# Dry Hopping



## Shadime (19/10/17)

Does dry hopping with different hops have the same outcome as when bittering.

I'll explain:
With bittering the higher the Alpha acid content the more bitter the beer when using the same quantities of hops.

With dry hopping is there a way to tell how much of each hops to use based on any of the qualities of the hops?

Would you get the same amount of flavour/Aroma from 20g of Galaxy as using 20g of Riwaka?

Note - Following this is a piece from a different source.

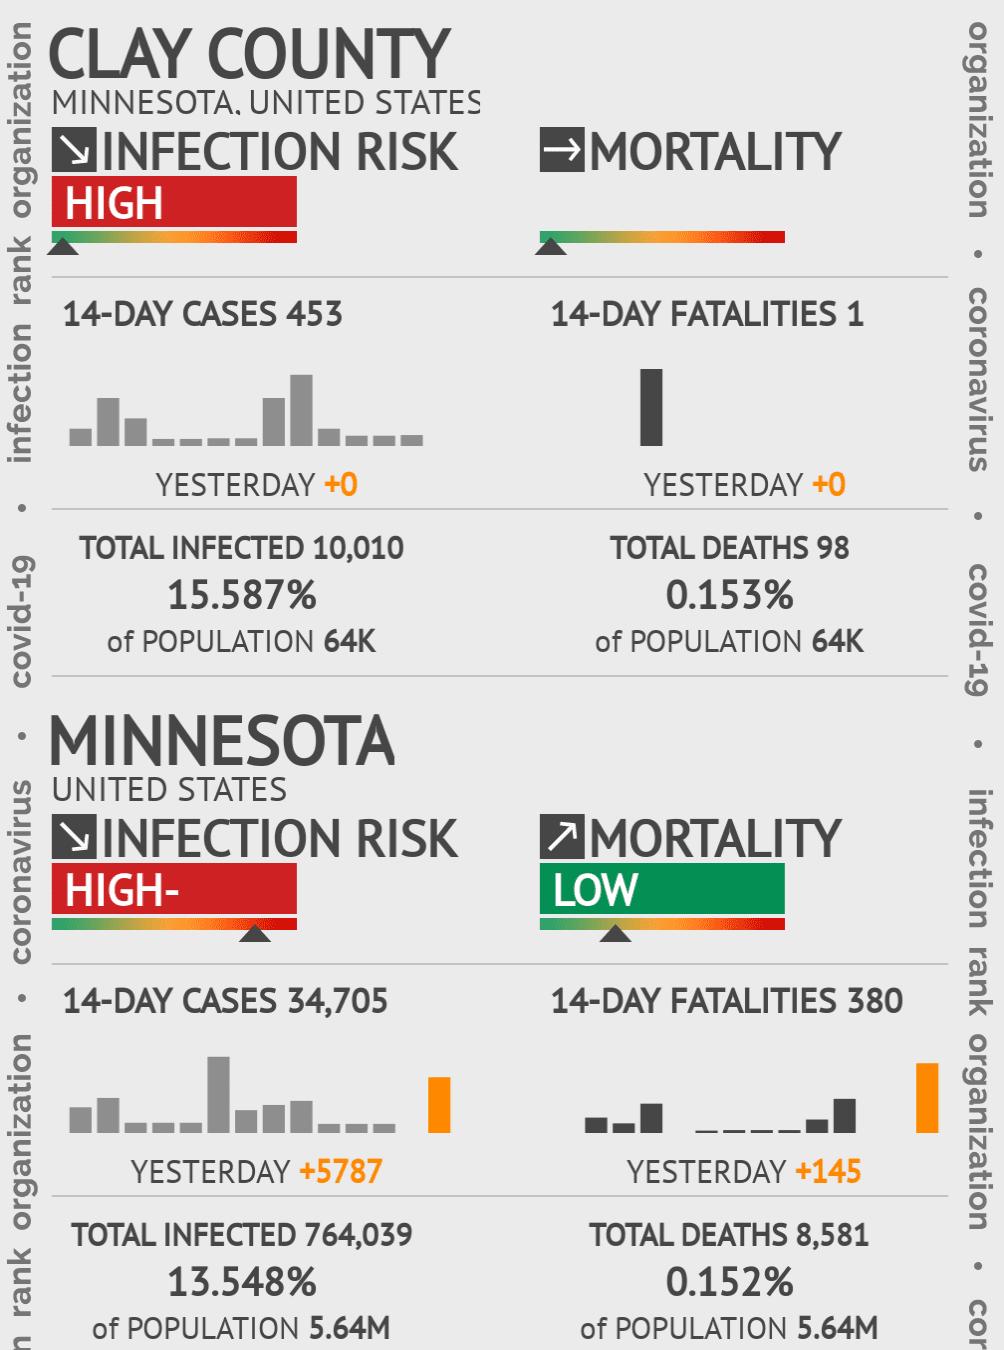 Clay County Coronavirus Covid-19 Risk of Infection on February 23, 2021

Hope this makes sense to someone.

Cheers
Shadime


----------



## barls (19/10/17)

try reading here
https://aussiehomebrewer.com/threads/hop-oil-calculator.96695/
https://aussiehomebrewer.com/threads/dry-hop-temperature-different-flavours.95321/
https://aussiehomebrewer.com/threads/dry-hopping.77751/
https://aussiehomebrewer.com/threads/dry-hopping-when-how-much-and-how.77990/
https://aussiehomebrewer.com/threads/dry-hopping.93988/
and thats just from a quick search.


----------



## wereprawn (19/10/17)

Shadime said:


> Does dry hopping with different hops have the same outcome as when bittering.
> 
> I'll explain:
> With bittering the higher the Alpha acid content the more bitter the beer when using the same quantities of hops.
> ...


Yes and no. It's a complex thing. Though if you were to compare the intensity of flavour/aroma of equal amounts of Galaxy v Riwaka, Galaxy would totally dominate but mixing the two may provide unexpected results. This bloke explains things better than I could hope to.


----------



## Shadime (19/10/17)

Thanks for the responses.
That video is great.

Cheers
Shadime


----------